Beth Chapman, wife of Dog the Bounty Hunter, dies after battle with cancer
Reality TV star Beth Chapman has died Wednesday after a battle with cancer, her family said.
She was 51 years old.
Even lying in that hospital bed with an IV in her hand, Chapman’s perfectly manicured fingernails showed off their signature bedazzled rhinestones.
And that’s how she handled her two-year battle with cancer. In the face of uncertainty and an uphill fight, she maintained a faithful outlook, not just for herself, but for her husband and children too.

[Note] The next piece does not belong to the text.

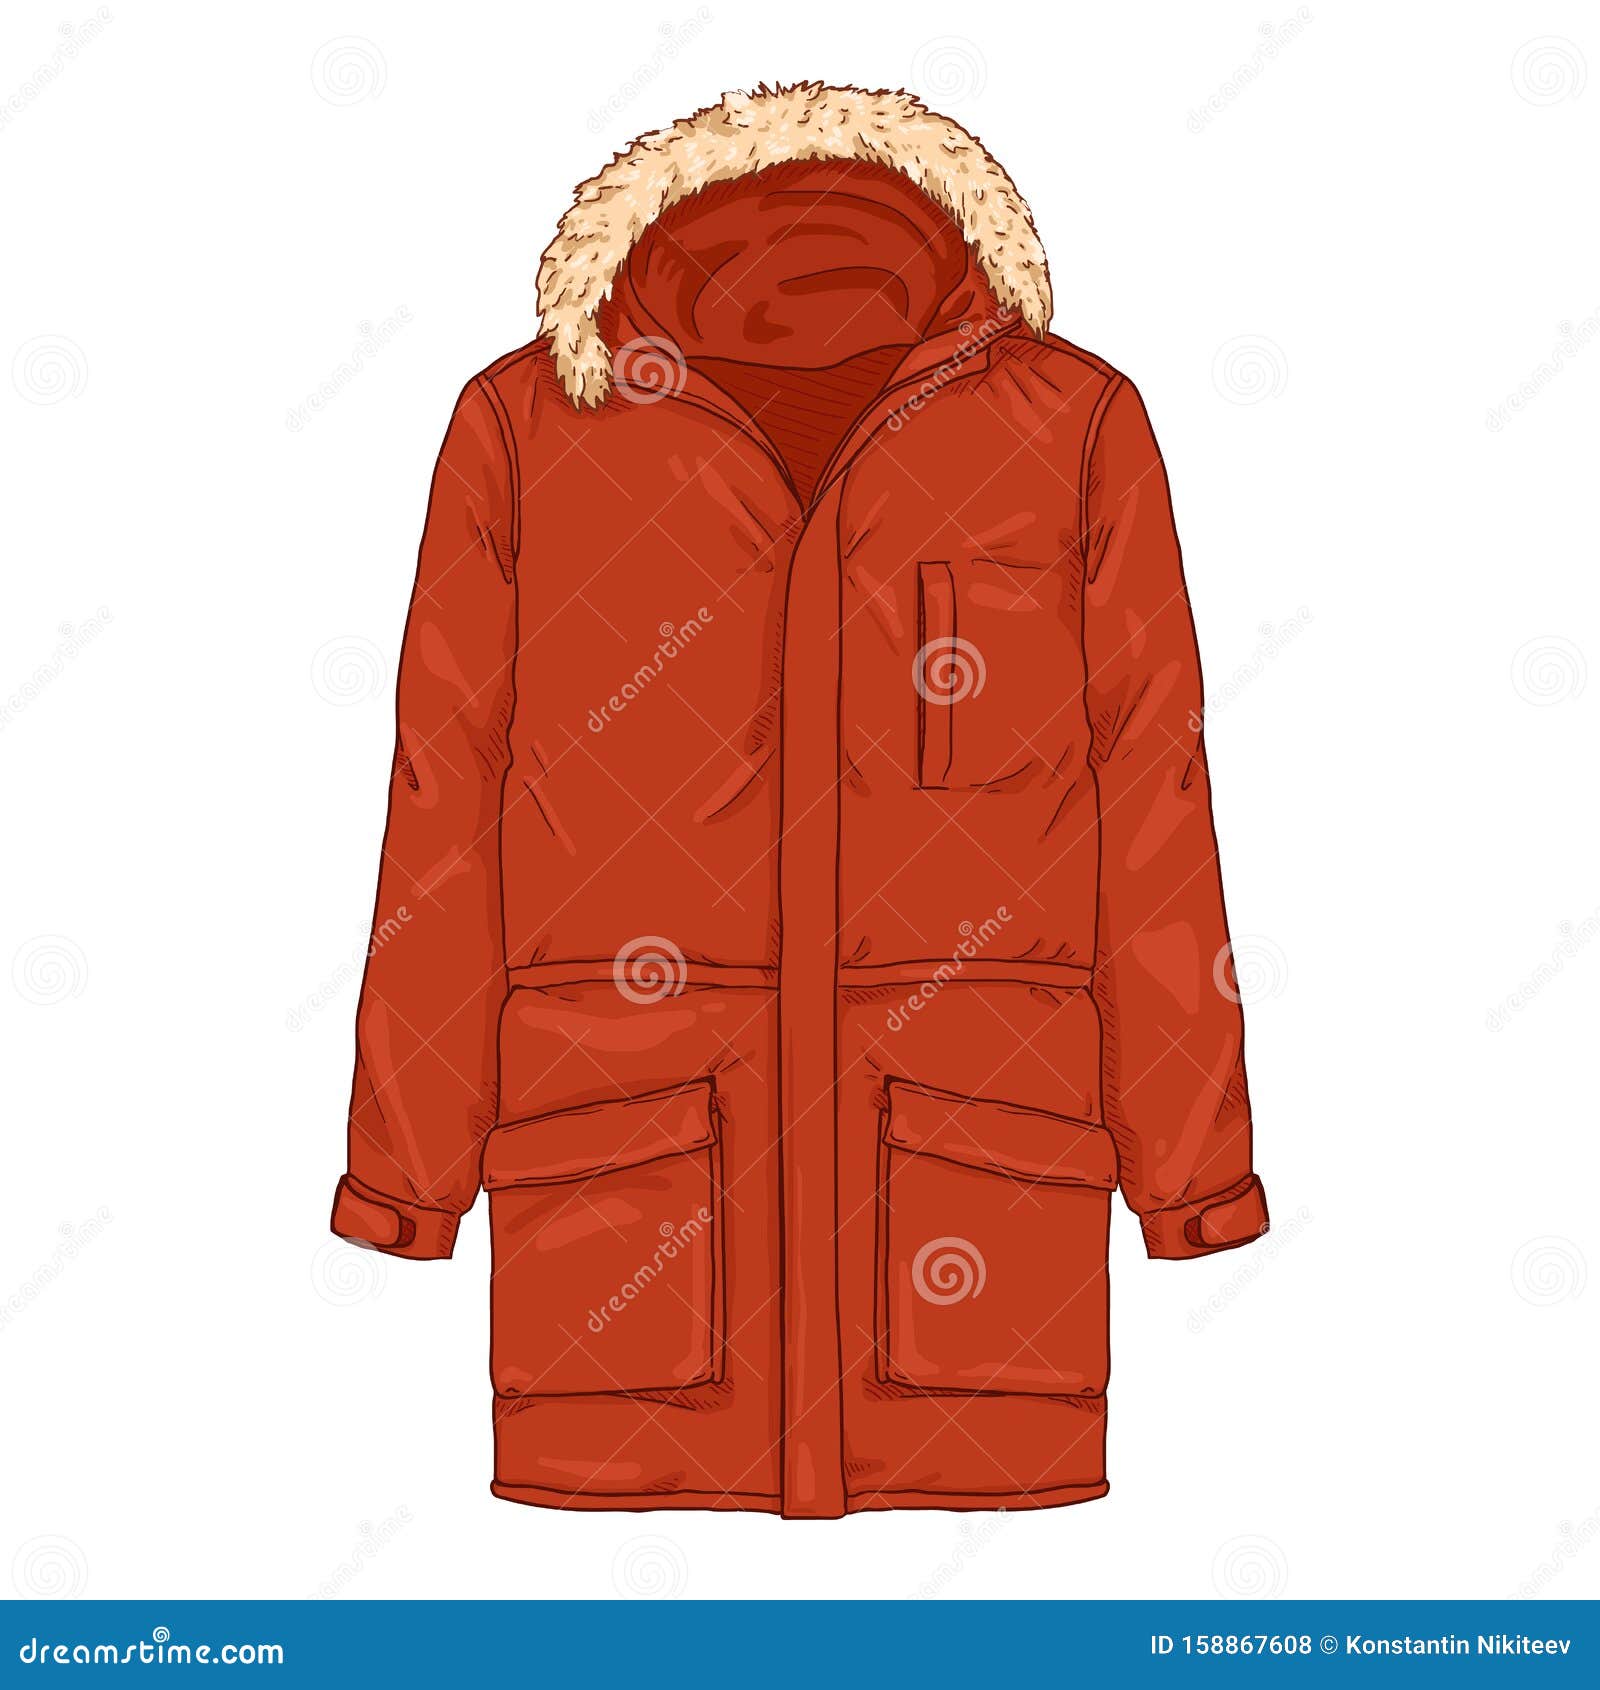 Parka In Cartoon Style Stiker On White Background On Isolated ...

“I think that faith and fear void each other out, so you have to pick one,” Chapman said in a January interview. “You can’t have faith and be scared.”
Chapman was first diagnosed with stage two throat cancer in September 2017. Although a 13-hour operation removing a tumor from her neck was successful, her cancer returned in November 2018 as stage four lung cancer. This was followed by another successful emergency surgery.
In April, she was rushed to a hospital with respiratory issues. Doctors discovered that she had almost four liters of fluid from her lungs.
Despite these physical challenges, Chapman called this the “ultimate test of faith,” when she spoke during a service at a Florida church in May.
“God doesn’t do things for no apparent reason,” Chapman said during the service, which was live-streamed online. “There are reasons, and it’s up to you to figure out what your lesson is in the circumstance that you’re going through.”
Over the course of her life, the Colorado native wore many different hats. After graduating high school, she held several jobs, including an ice skater, a clerk, a nightclub singer, a gymnast and a waitress.
To those who knew her through the television, Chapman was the youngest licensed bail bondsman in Colorado at the age of 22 (until her step-daughter, Lyssa Chapman, broke the record at age 19).
She was also Mrs. Dog, wife of celebrity bounty hunter, Duane “Dog” Chapman, in the reality series named after her husband. Together, the couple ran a bail bonds business, went bounty hunting and counseled the detainees. They even appeared on the popular television show, Hawaii Five-0, as themselves.
But to her family, she was known as a dedicated wife and mother.
Chapman had four biological children and eight “bonus” children, as she calls them, from her husband’s previous marriages.
“The greatest gift I ever got was my children [and] my bonus children,” Chapman said in a message she shared at the Florida church service in May. “I hate the word step...stepmother. I don’t like to be set separate from them...I am a bonus parent, and I say that proudly.”
A look at her social media feeds show how much emphasis she placed on family. One of her first thoughts when she first got sick was how her kids were going to make it through this, she said.
Chapman raised her kids to know that no matter that they did in life, they could always come back to their “base,” a foundation built on faith and family.
It was the same faith that fueled her fight against cancer for the last two years.
“ I am not defeated by my weakness and endure in this treatment,” Chapman said at the May church service. “When I am surrounded with troubles on every side, and when I face persecution, because of my love for Christ, I am made yet stronger now.”
During her battle, Chapman tried to stay active. She enjoyed hiking at locations such as the Makapu’u Lighthouse and Koko Crater trails when she wasn’t hunting fugitives with her husband. It was about the quality of life, rather than the quantity, she said.
“You have to stay busy or else the whole cancer thing does a horrible mind game on you,” she said during a January interview. “You have to be vigilant, and you have to fight it off as hard it’s attacking you.”
As friends and family remember the life of Chapman, others can follow her journey in the two-hour documentary, “Dog and Beth: Fight of Their Lives,” detailing her battle with cancer. Her husband has asked for prayers for the family during this time.